WHAT THE TASK ASKS →
Print every record exactly, omitting none.

____

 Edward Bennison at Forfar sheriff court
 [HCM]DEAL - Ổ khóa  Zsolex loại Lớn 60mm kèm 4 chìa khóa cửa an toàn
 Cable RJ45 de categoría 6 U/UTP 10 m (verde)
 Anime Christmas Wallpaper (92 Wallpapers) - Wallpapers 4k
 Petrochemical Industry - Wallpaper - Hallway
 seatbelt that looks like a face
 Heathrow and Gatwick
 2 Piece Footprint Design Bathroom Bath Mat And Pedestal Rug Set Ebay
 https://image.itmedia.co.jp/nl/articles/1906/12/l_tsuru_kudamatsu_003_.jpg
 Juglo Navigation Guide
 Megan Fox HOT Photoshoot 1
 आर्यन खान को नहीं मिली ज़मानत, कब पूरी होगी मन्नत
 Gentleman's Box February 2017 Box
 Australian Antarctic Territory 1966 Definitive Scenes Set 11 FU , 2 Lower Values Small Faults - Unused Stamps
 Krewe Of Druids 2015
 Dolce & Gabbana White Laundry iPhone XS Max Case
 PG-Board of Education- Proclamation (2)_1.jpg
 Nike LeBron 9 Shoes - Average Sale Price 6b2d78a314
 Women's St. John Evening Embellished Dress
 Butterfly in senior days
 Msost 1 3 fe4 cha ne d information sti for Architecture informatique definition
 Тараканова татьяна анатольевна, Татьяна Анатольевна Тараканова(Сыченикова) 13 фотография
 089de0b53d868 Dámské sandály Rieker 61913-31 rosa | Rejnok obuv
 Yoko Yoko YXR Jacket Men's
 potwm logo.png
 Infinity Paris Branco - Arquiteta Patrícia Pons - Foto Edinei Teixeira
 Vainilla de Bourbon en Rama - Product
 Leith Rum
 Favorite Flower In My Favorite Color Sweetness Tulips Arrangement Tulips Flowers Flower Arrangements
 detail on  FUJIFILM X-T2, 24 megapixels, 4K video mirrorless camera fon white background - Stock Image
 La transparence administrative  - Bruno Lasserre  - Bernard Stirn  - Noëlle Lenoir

____

SOLUTION FOR THIS EXERCISE →
 Edward Bennison at Forfar sheriff court
 [HCM]DEAL - Ổ khóa  Zsolex loại Lớn 60mm kèm 4 chìa khóa cửa an toàn
 Cable RJ45 de categoría 6 U/UTP 10 m (verde)
 Anime Christmas Wallpaper (92 Wallpapers) - Wallpapers 4k
 Petrochemical Industry - Wallpaper - Hallway
 seatbelt that looks like a face
 Heathrow and Gatwick
 2 Piece Footprint Design Bathroom Bath Mat And Pedestal Rug Set Ebay
 https://image.itmedia.co.jp/nl/articles/1906/12/l_tsuru_kudamatsu_003_.jpg
 Juglo Navigation Guide
 Megan Fox HOT Photoshoot 1
 आर्यन खान को नहीं मिली ज़मानत, कब पूरी होगी मन्नत
 Gentleman's Box February 2017 Box
 Australian Antarctic Territory 1966 Definitive Scenes Set 11 FU , 2 Lower Values Small Faults - Unused Stamps
 Krewe Of Druids 2015
 Dolce & Gabbana White Laundry iPhone XS Max Case
 PG-Board of Education- Proclamation (2)_1.jpg
 Nike LeBron 9 Shoes - Average Sale Price 6b2d78a314
 Women's St. John Evening Embellished Dress
 Butterfly in senior days
 Msost 1 3 fe4 cha ne d information sti for Architecture informatique definition
 Тараканова татьяна анатольевна, Татьяна Анатольевна Тараканова(Сыченикова) 13 фотография
 089de0b53d868 Dámské sandály Rieker 61913-31 rosa | Rejnok obuv
 Yoko Yoko YXR Jacket Men's
 potwm logo.png
 Infinity Paris Branco - Arquiteta Patrícia Pons - Foto Edinei Teixeira
 Vainilla de Bourbon en Rama - Product
 Leith Rum
 Favorite Flower In My Favorite Color Sweetness Tulips Arrangement Tulips Flowers Flower Arrangements
 detail on  FUJIFILM X-T2, 24 megapixels, 4K video mirrorless camera fon white background - Stock Image
 La transparence administrative  - Bruno Lasserre  - Bernard Stirn  - Noëlle Lenoir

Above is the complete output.